What is Rate Limiting?

Before we are building our project (.NET API, Blazor application orwhatever…) we must make sure that we don’t have any security problem and the app throttling has already a long time. That’s why this rate limiting concept is not new. Rate limiting is about (as its name suggests) limiting or restricting access to certain resources in a specific time window by setting maximum access rates.

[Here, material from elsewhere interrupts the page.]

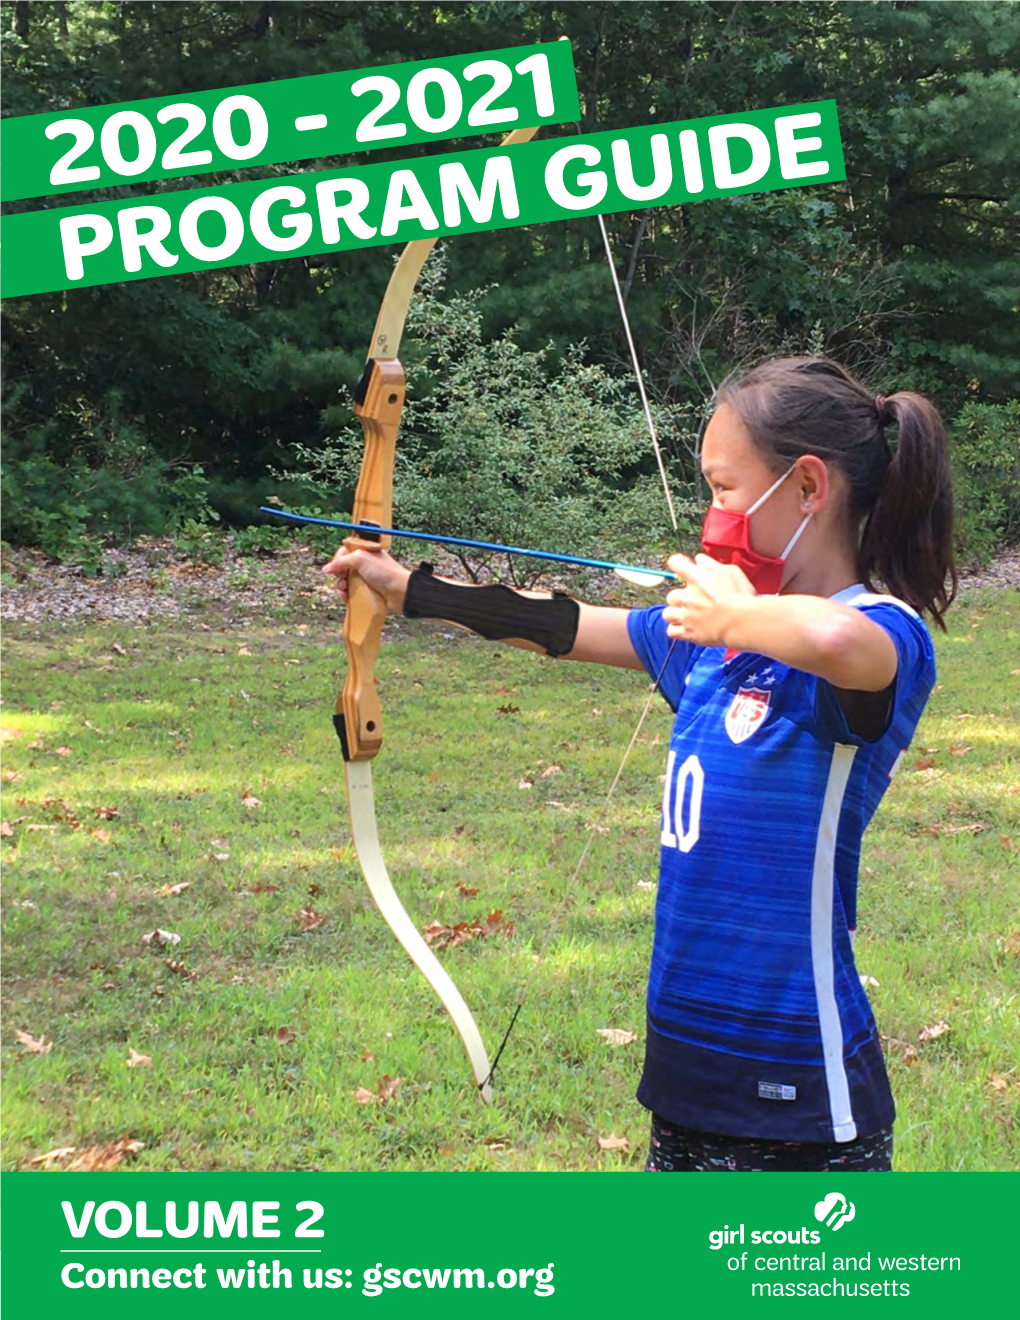 2020 - 2021 Program Guide

To explain this concept in a more practical way, imagine that you have an application that connects to a database through an API. Let’s assume that this database and API is not hosted on a quantum super server and we know that it can handle about 100,000 requests daily. At this point many developers will be wondering things like:

  • Will the API and database be able to handle more than 100,000 requests daily?
  • What would happen if it exceeded that number of requests?
  • If it can’t handle any more requests, will it go down?

All these questions raise doubts as to whether the database and API have the capacity to handle more requests.

This is why the concept of rate limiting has been created. A rate limiter (using different types of algorithms) would accept, in this case, 100,000 requests each day and deny or block any request that exceeds that number. In this way we could ensure that the service is never saturated.

If rate limiting is not implemented in our developments we create a nice gateway for any attacker who wants to harm our application or service (or even unintentionally by excessive requests!).

Implementing rate limiting within .NET services and controlling the maximum number of requests will prevent possible API and database saturation (API limit rate), but this is not the only problem it solves.

Why do we need and use Rate Limiting?

As I said before, the problem of saturation of a service or functionality can not only be due to an involuntary action. It can also be intentionally thought and performed by a hacker or attacker causing a DoS (Denial of Service) attack.

If we assume the case where we have a public API, which can be accessed by many clients at the same time. Even if most of them are legitimate users, just by having the API or public service opens the possibility of attacks from the outside.

This depends on the requirements that the API may need, as the throttling may affect a specific endpoint or all endpoints.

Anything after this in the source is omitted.